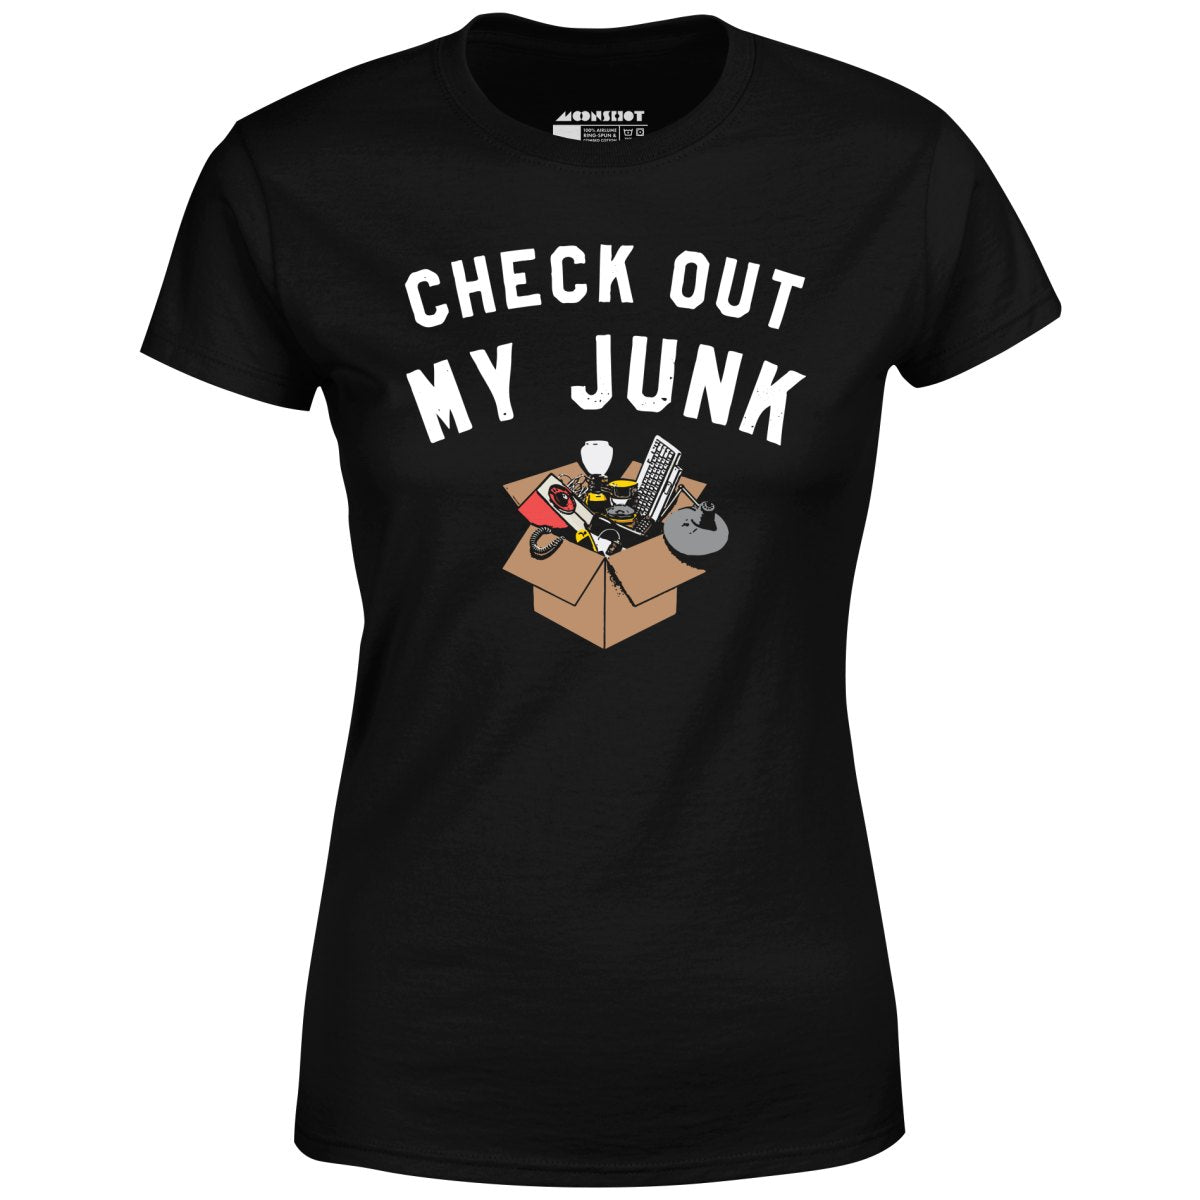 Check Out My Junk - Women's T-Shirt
☆ ☆ ☆ ☆ ☆ ☆ ☆
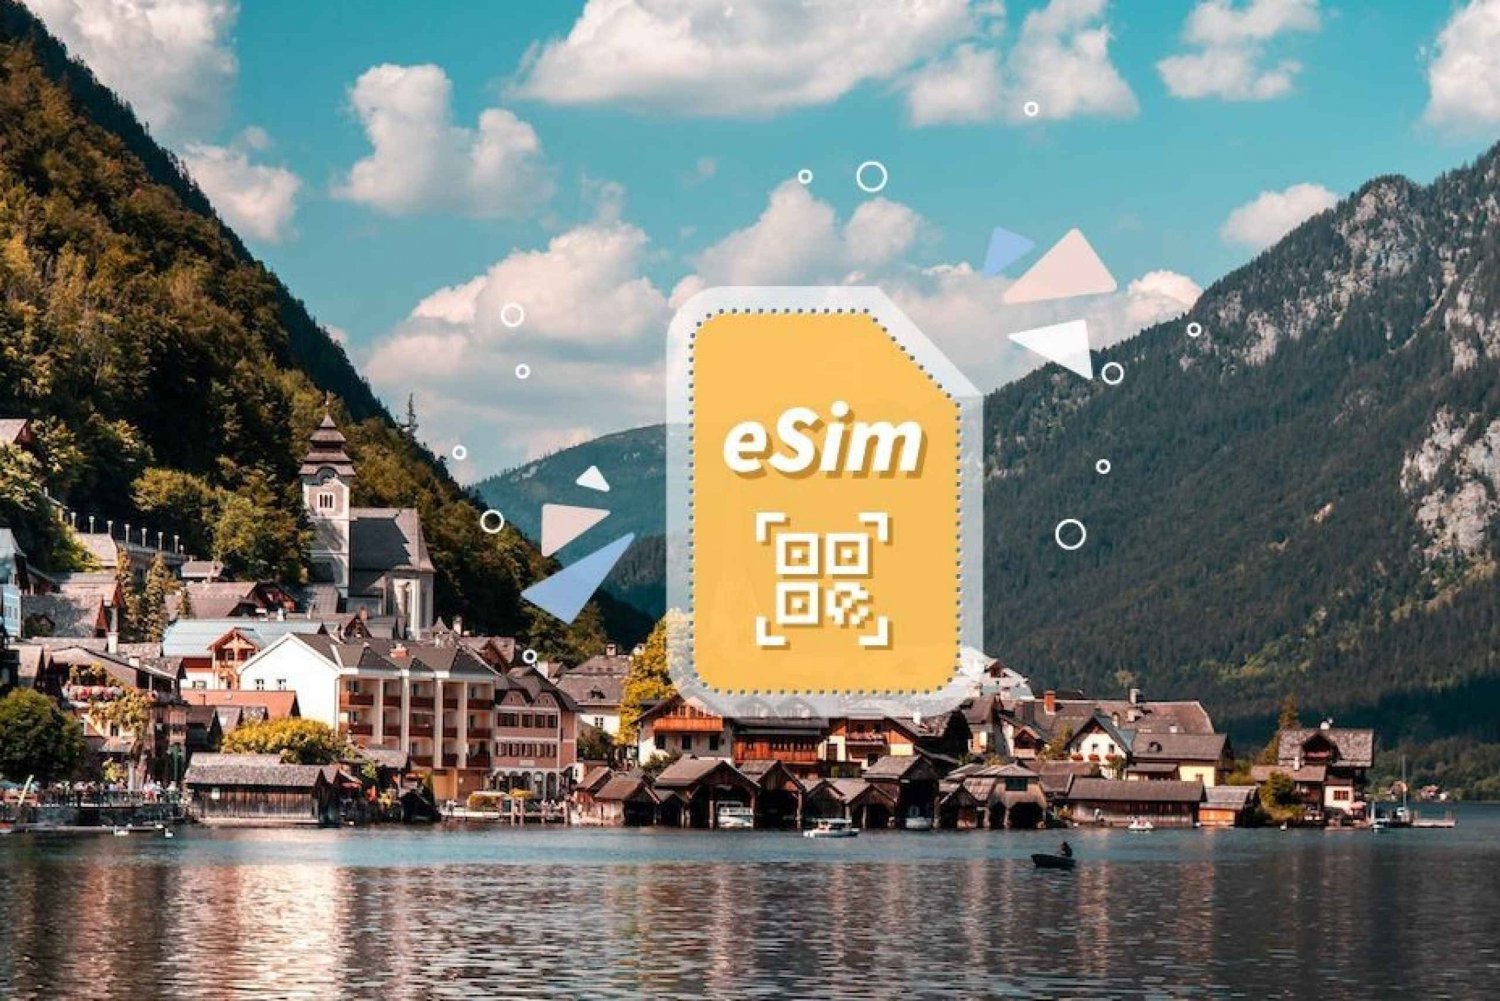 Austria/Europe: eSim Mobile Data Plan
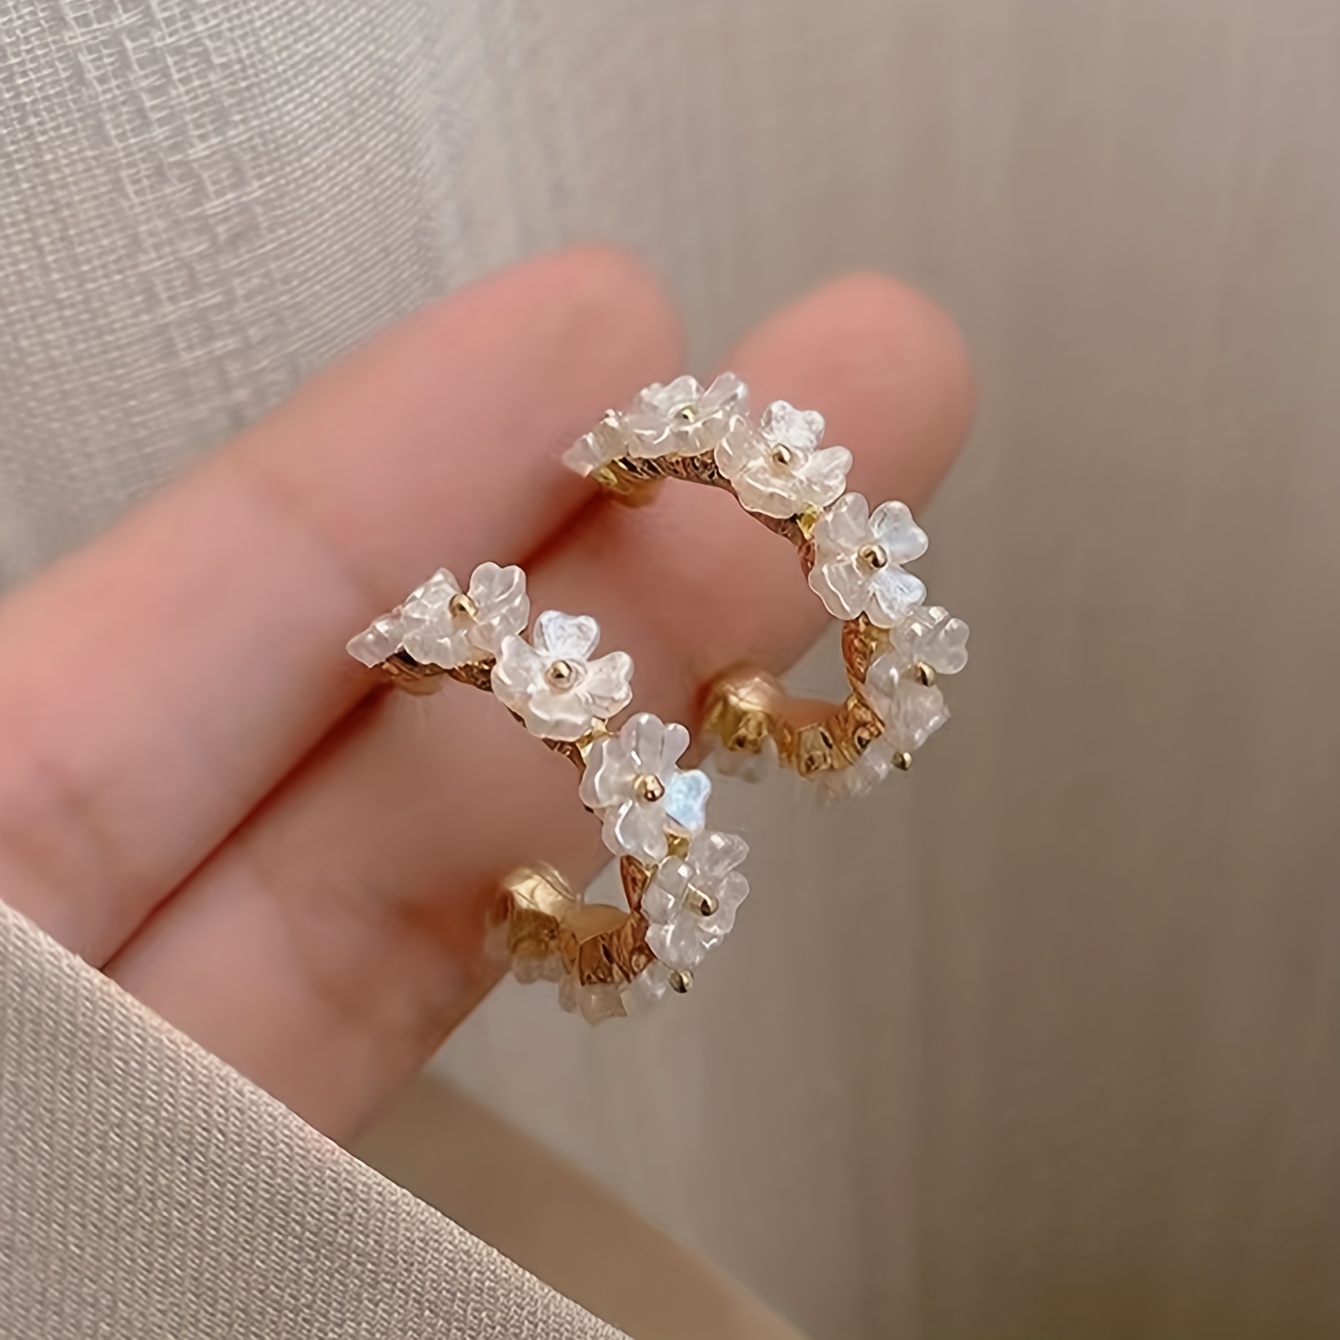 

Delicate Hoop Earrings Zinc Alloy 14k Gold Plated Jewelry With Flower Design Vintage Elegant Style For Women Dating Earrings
☆ ☆ ☆ ☆ ☆ ☆ ☆
* _AIM OF THE TASK_: Starting with the line that contains "Austria/Europe: eSim Mobile Data Plan" and finishing with the line that contains "Delicate Hoop Earrings", reproduce every line of the material above exactly, but not the pictures.

* _OUTPUT OF THE TASK_:
 Austria/Europe: eSim Mobile Data Plan

Delicate Hoop Earrings Zinc Alloy 14k Gold Plated Jewelry With Flower Design Vintage Elegant Style For Women Dating Earrings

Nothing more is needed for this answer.